Одетая в бетон набережная тянулась вдоль центра города километра на полтора. Дождя не было, но всё вокруг было бетонно-серо, и сама река казалась бы бетонной, если бы не сильный северный ветер, волновавший её, бросавший её серо-мёртвые в эту пору воды на мёртвый берег. Но были и золотые листья, остуженные, подсушенные ветром за день, они срывались с деревьев ломким шумным дождем, собирались в волны, катились к реке, достичь её не могли, замирали тёмно-золотым валом у высокого бетонного парапета. Он долго ходил по этой грани, между горячих золотых и серых холодных волн, и это протяжное, ритмическое волнение природы, которая, оказывается, была ещё жива, помогало ему держать размеренно - прогулочный шаг, сжимая в глубоких карманах длинного чёрного плаща подрагивающие руки.
Редкие прохожие оглядывались на него, некоторые ненадолго останавливались. Попадающиеся навстречу неблизкие знакомые, приближаясь к нему, испытывали непонятное чувство неловкости, заставляющее их либо свернуть в первую попавшуюся аллею, либо вовсе повернуть назад, такая сила отталкивания, на грани превращения в свою противоположность -- притяжения -- исходила в это время от человека, с невидящими ничего вокруг пылающими глазами, взлетающими над его головою вслед за ветром густыми чёрными волосами.
Вот показалась в голой серой дали, среди летающих золотых пятен, словно бы солнечных бликов, маленькая серая фигурка: неопределённого цвета пальто её было коротковато, тёмная юбка виднелась из-под него.
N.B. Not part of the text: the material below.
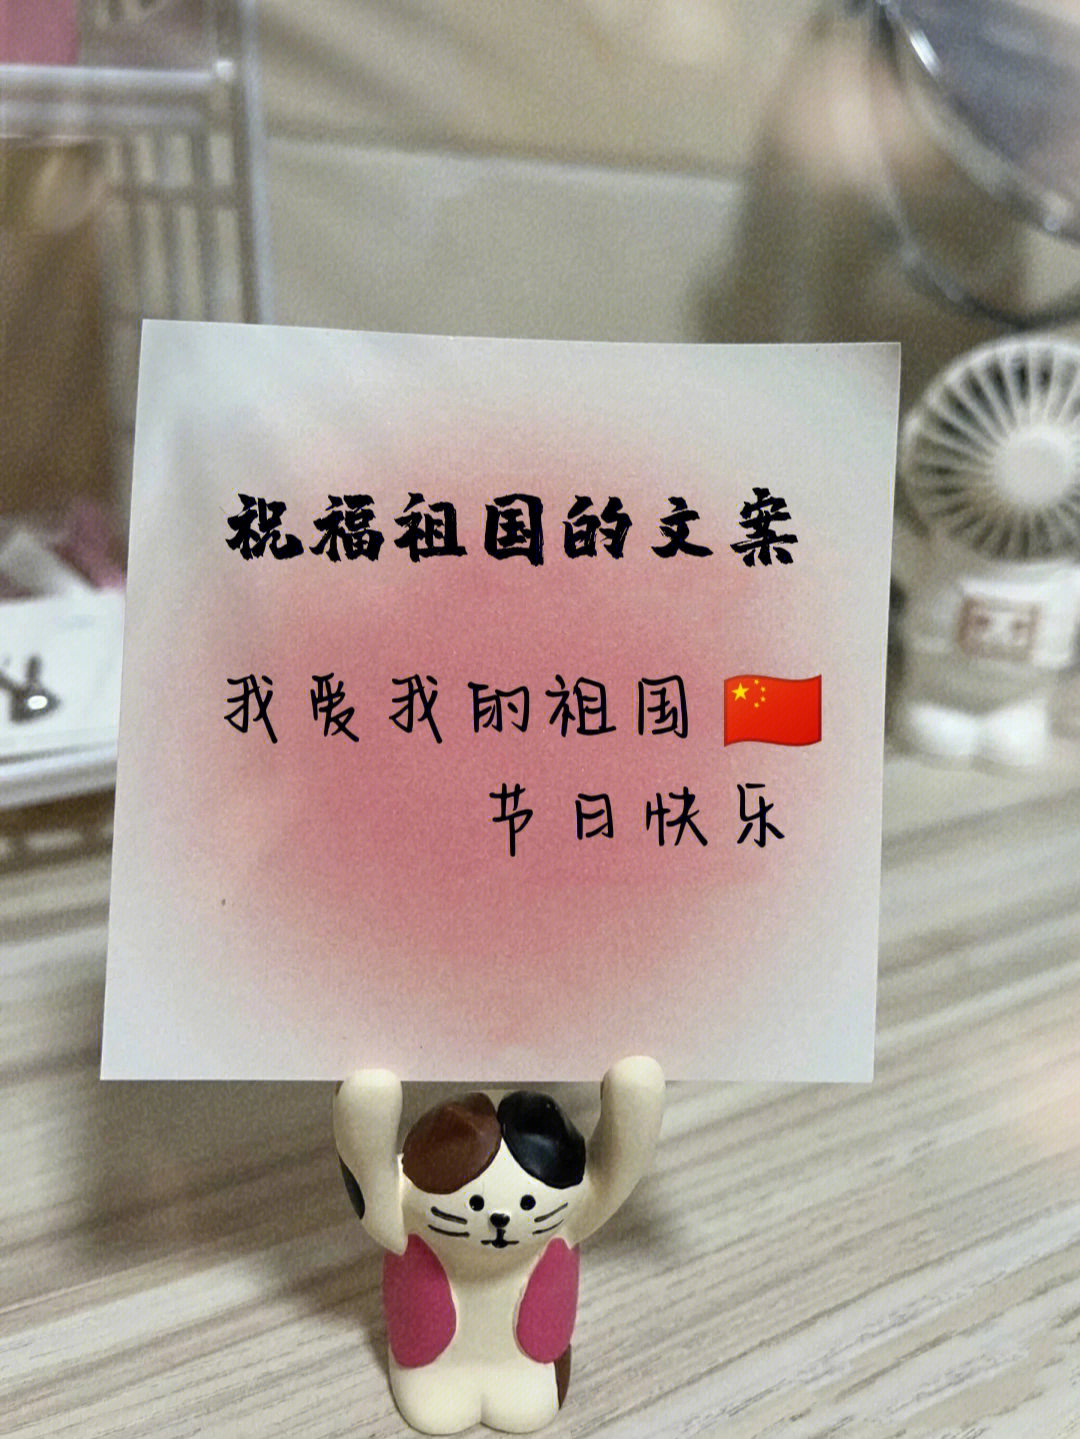 国庆节发圈的微信说说图片

Она приближалась слишком медленно: ширпотребовские сапоги на низких каблуках, на шее выцветшая косынка, на левом плече ремешок безвкусной сумки, неровно стриженные и отросшие у корней от краски волосы собраны в тугой пучок на затылке, бледное, без макияжа, лицо, губы без помады.
Игорь Филиппович так никогда и не сможет объяснить себе, как он узнал её, почему они оказались рядом, какой на самом деле и кем для него была в эти мгновенья эта девушка, но всегда будет помнить, как сломался его прогулочный шаг, каким горячим был летящий ему навстречу ветер, как холодны были её маленькие руки, как показалось ему, что большего счастия в мире не существует, и если есть в этом мире высшая справедливость, главный смысл и чистая истина, то все они теперь едины. Всё появилось, рождалось и умирало, строилось и разрушалось, заблуждалось и прозревало лишь для того, чтобы он -- пламенно-прекрасный снаружи, уставший и ни во что давно не верящий, абсолютно пустой внутри, и она -- сама неяркость, обезображенная с самого рождения бессмысленностью своего появления и существования, живущая жизнью ростка, которому не только ничего не страшно, но безразлично, что будет с ним через мгновенье, будто всё за него давным-давно решено и просчитано -- вдруг оказались рядом, в нелепом каком-то клубе, среди разверзшихся вод, под дождем, под снегом, в первобытной грязи, у бетонной реки, среди золотых листьев.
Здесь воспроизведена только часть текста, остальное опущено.